Site Meter

Saturday, April 10, 2010

Robert's List of Reasonable and Reasonably Honest Conservatives Update

Recall to avoid offending too many people, I restricted my list to bloggers, pundits and politicians. I count people who call themselves libertarians. I don't to list personal friends (friends -- I like to keep them).


Greg Mankiw
Tyler Cowen
Alex Tabbarock
Jim Henley
Orin Kerr
Bruce Bartlett
Eugene Volokh (not reasonable re appropriate punishment of an Iranian murderer)
David Brooks (not always honest)
Reihan Salaam
Arnold Kling (not really reasonable but very honest)
Richard Lugar
Charles Hagel
Olympia Snowe (not really conservative or honest but I'm getting desperate)
Mark McClellan
Scott McClellan (not really et. but gets extra points for near honesty in a press secretary)
Richard Clarke (oh you don't think he's conservative -- read "Against all Enemies")

Andrew Samwick
Julian Sanchez
Daniel Larison.

2 comments:

Bruce Webb said...

Oh boy. Of the few on that list with whom I have had one on one interactions I would have to say they were agreeable in much the same way opposing counsel in a civil or even criminal trial are agreeable. And in most ways willing to fight pretty fair.

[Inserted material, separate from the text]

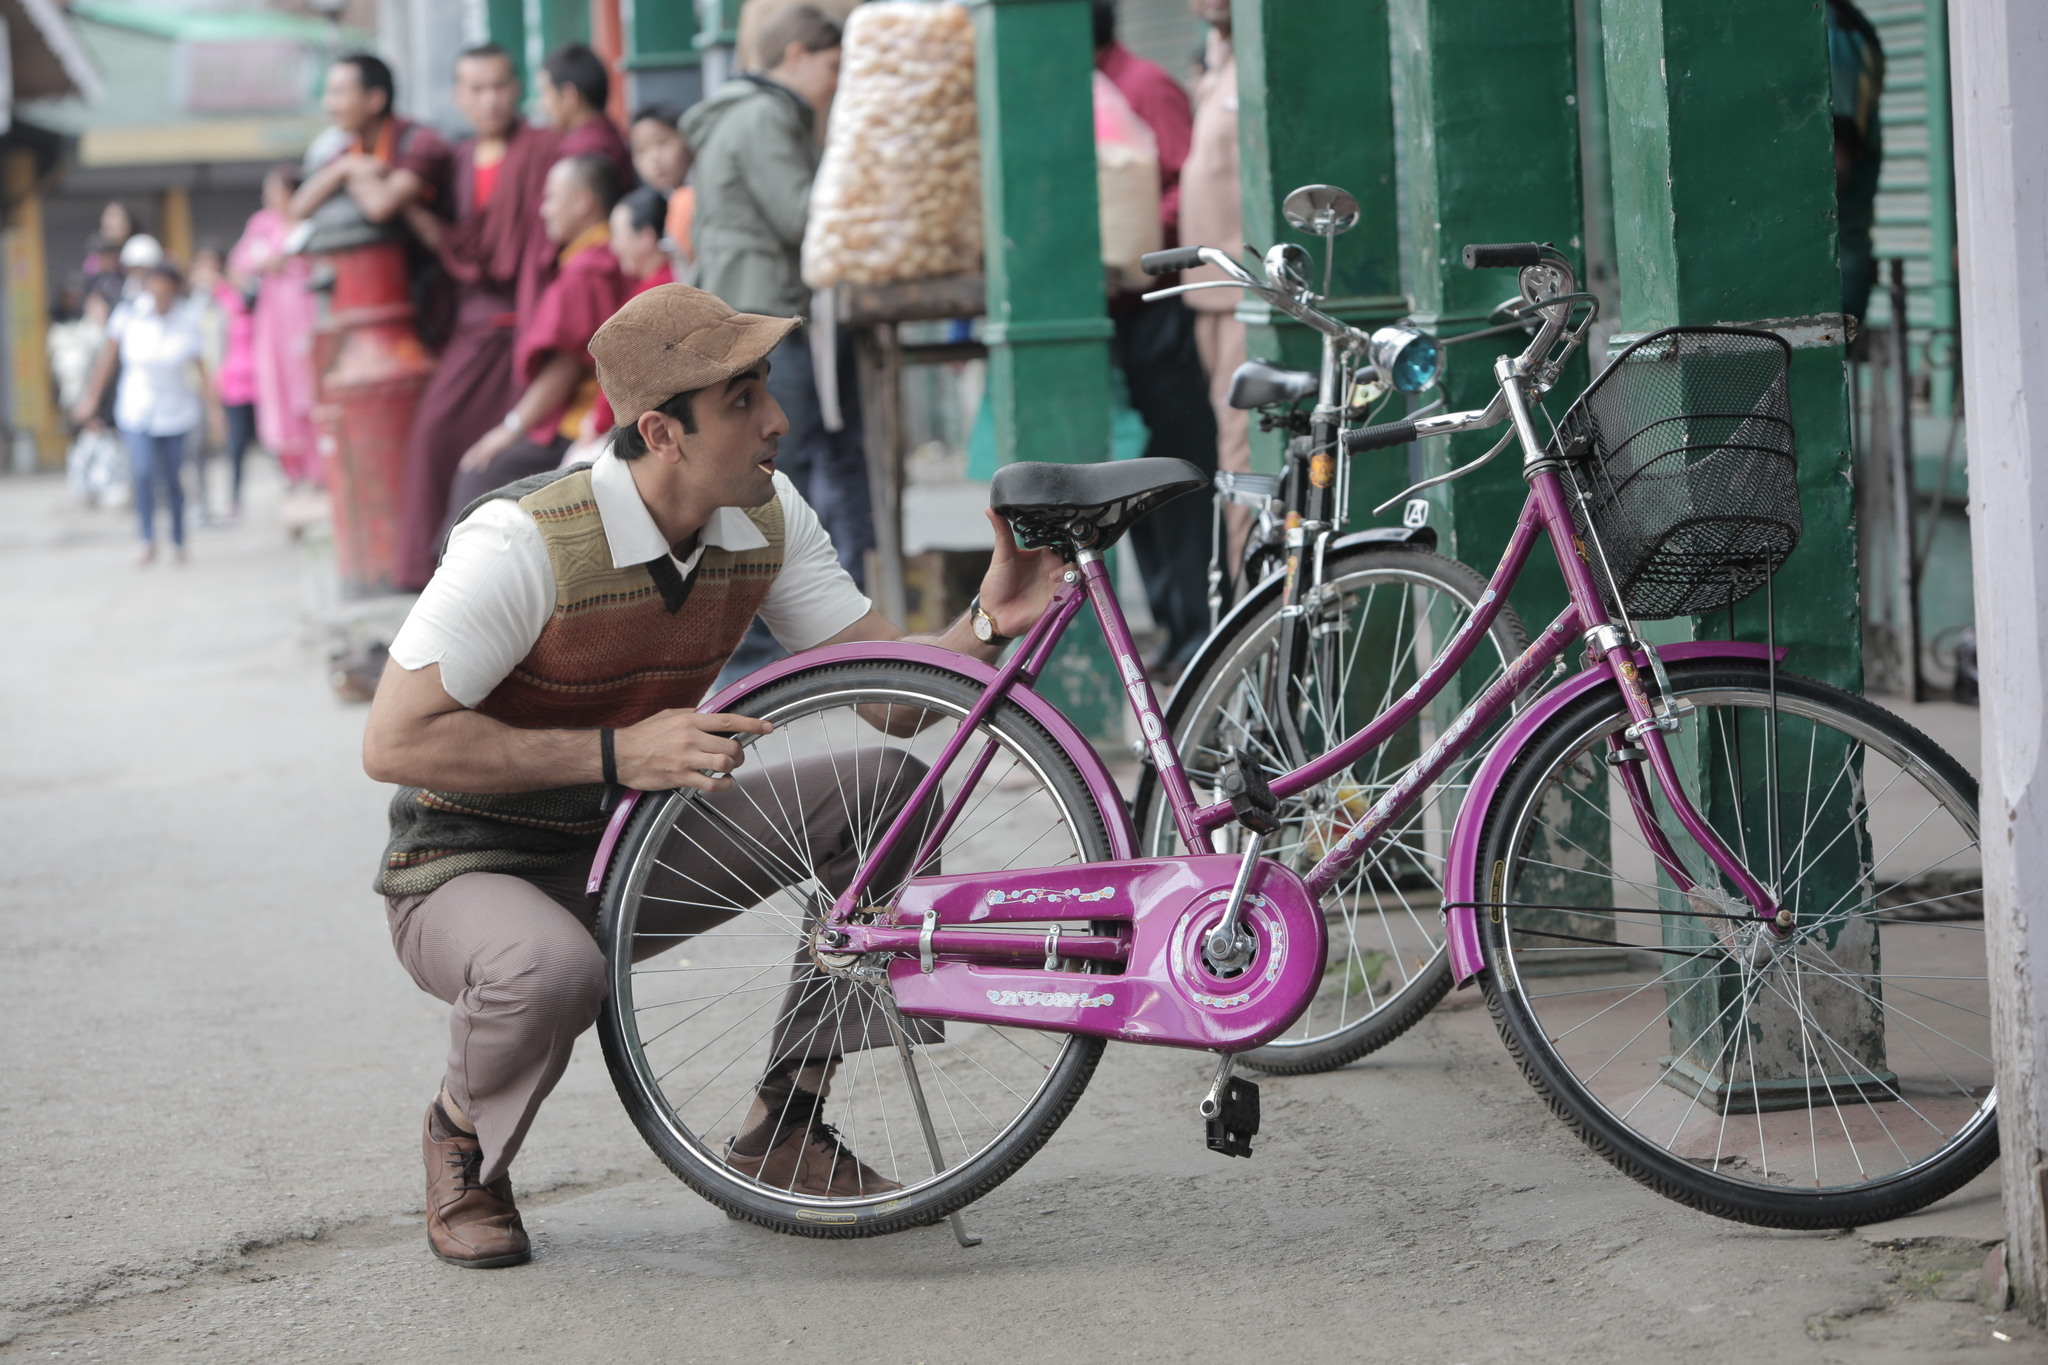 Still of Ranbir Kapoor in Barfi! (2012)

As long as you understand that many of them have their own agenda, as of course do I.

The problem with the whole concept of 'honest conservatism' is inherent in its origins. The philosophy and associated economics was formed in a time and place deeply hostile to the whole concept of democratic majoritarianism, which was associated (often rightly) with ideas about communitarianism and utilitarianism.

In the middle half of the twentieth century we saw the advance of the concept of one-man, one vote to the point that it seemed impossible to openly oppose. Which led 'honest Conservatives' to have to resort to tying themselves into rhetorical knot trying to advance a theory that had its roots in a non-majoritarian mileau.

In retrospect Supply Side came to be regarded as a failure not because it didn't work, because I would argue it worked splendidly from a traditional Conservative perspective, it maintained and intensified political and economic control in the hands of those that matter, primarily the controllers of capital and the managers of traditional societal structures. The massive concentration of wealth that came during and after the Reagan Revolution would not have shocked Pitt the Elder, or the Duke of Wellington while he was Prime Minister, or dare I say William McKinley, the acquisition and conservation of economic and political wealth was kind of the point.

Modern Conservatism seems to have found its own solution to existing in a political system fundamentally based on democratic majoritarianism, they simply brought into coalition people from traditions far removed from 19th century conservatism: populism, nativism, evangelical religions and tried to build majorities from the back end. But leaving their economists in a bind, because twist as they might there is nothing egalitarian in conservative economics, at best they can make gestures at a wholly theoretical "equality of opportunity", that never has existed, and to which when attempts are made to put it into place (affirmative action, contract set-asides), they react violently.

Which would lead me to add one name to your list. Though I consider him a total loon, there is no doubt that Bryan Caplan stumbled on the only possible solution to this Conservative conundrum: simply rule that people who don't agree with conservative economic theory are irrational and take away their vote. Simple, elegant, but really hard to sell to a democratic majority.

Anonymous said...

What is Greg Mankiw doing on this list?